Isabelle Mergault n’aime pas les critiques, dixit le dossier de presse de son second long métrage. Enfin, disons qu’elle n’aime pas les critiques non « constructives », comprendre « négatives ». Isabelle Mergault, dixit le même dossier de presse, n’aime pas écrire des scénarios, ne comprend rien au montage, et ne pense jamais à l’image quand elle imagine son film à venir. D’ailleurs, Isabelle Mergault préfère le théâtre. Mais pourquoi, donc, s’échine-t-elle à réaliser un film ? Oserait-on penser que les 3,5 millions d’entrées de sa précédente bouse (pardon, Isabelle) ont fini par la convaincre ? Non, loin de nous cette idée non constructive de lui croire un tel appât du gain. Isabelle, elle, trouve plus de satisfaction dans les remerciements naïfs des « simples » anonymes qu’elle croise dans la rue. On la croit ?
Tentons donc, puisqu’il le faut, d’être constructif. D’oublier qu’Isabelle Mergault et ses 3,5 millions d’entrées ont bien de la chance de pouvoir faire des films produits par TF1 et le CNC et distribués par Gaumont tous les ans, alors que des dizaines de jeunes réalisateurs pleins d’espoir galèrent pendant des années sans que ne s’ouvre jamais le précieux sésame. D’oublier qu’être réalisateur, ça ne s’improvise pas sur les plateaux télévisés de Laurent Ruquier ou sur les planches de la comédie de boulevard, même si l’on cite Ernst Lubitsch (qui doit s’en retourner dans sa tombe) comme son réalisateur préféré. Voyons donc, concrètement, cinématographiquement, ce qu’il faut retenir d’Enfin veuve, long métrage dont le casting et le scénario (sorte de comédie noire sur les avantages et inconvénients du veuvage) sont a priori, comme toujours dans le genre moribond de la comédie populaire à la française, les premiers points forts.

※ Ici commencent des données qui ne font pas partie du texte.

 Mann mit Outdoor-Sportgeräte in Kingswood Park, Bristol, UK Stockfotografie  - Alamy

Toute critique fonctionne comme un examen : la notation résulte souvent d’un avis comparatif avec ce qui se fait dans le même domaine. Si Isabelle Mergault avait réalisé un téléfilm du samedi soir pour France 3 (souvent seule bouée de sauvetage face à la marée de médiocrité sur les autres chaînes), nous aurions peut-être trouvé quelques qualités de réalisation à Enfin veuve, le budget aidant. Mais la réalisatrice destine son film aux salles obscures, soit celles qui diffusent en ce moment même le bijou d’Abdellatif Kechiche, La Graine et le Mulet. Or, là, pas de pitié. La réalisation d’Isabelle Mergault mérite le zéro pointé récompensant sa banalité médiocre : les quelques scènes réussies du film (humoristiquement, s’entend) semblent tirées d’un sketch de Palmade/Laroque et filmées de la même façon.

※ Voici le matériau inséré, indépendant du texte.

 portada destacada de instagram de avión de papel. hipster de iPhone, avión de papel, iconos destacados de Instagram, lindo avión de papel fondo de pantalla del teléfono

Côté scénario, c’est carrément la cata. Passons sur le désintérêt total d’une histoire d’amour prévisible au plan près et la nullité crasse de dialogues à peine second degré (comment Jacques Gamblin, pour qui nous avons le plus grand respect, a‑t-il pu accepter de dire : « Tu étais la femme d’une nuit, je veux que tu sois la femme d’une vie » ?). Là où Isabelle Mergault échoue lamentablement, elle qui proclame son amour des gens « simples », réside dans sa vision de la société. Soit, en gros, d’un côté, les « intellectuels » (le mari dont on se débarrasse), médecin ennuyeux et cruel, défini comme « cultivé » et écoutant de la musique classique (du Verdi, pas du Dutilleux), et de l’autre, le « peuple » (la femme et son amant), qui écoute du Joe Dassin. Selon Isabelle Mergault, donc, il est impossible d’aimer à la fois Joe Dassin et la musique classique, ou d’être à la fois un peu intello mais sympa quand même : ne brouillons pas les catégories, que diable ! Ce n’est pas pour autant que les gens simples (ou plutôt simplistes) ont le droit à un traitement de faveur : les proches de l’héroïne sont tous des imbéciles caricaturaux, laids et vicieux, au sourire carnassier, qui nous poussent singulièrement vers une forte misanthropie.
Engagés dans notre devoir de « constructivisme », nous aimerions conseiller à Isabelle Mergault d’abandonner le cinéma et de s’attacher à ce qu’elle sait faire (le « quoi » n’est pas de notre ressort), mais nul doute qu’une majorité de spectateurs viendront nous contredire en masse ces prochaines semaines. Alors, puisqu’Isabelle Mergault n’a rien à y perdre, clamons-le du haut de notre fierté de critique bafouée sous les sempiternelles huées de la profession et du grand public : Isabelle Mergault n’aime pas les critiques ? Eh bien les critiques ne l’aiment pas non plus.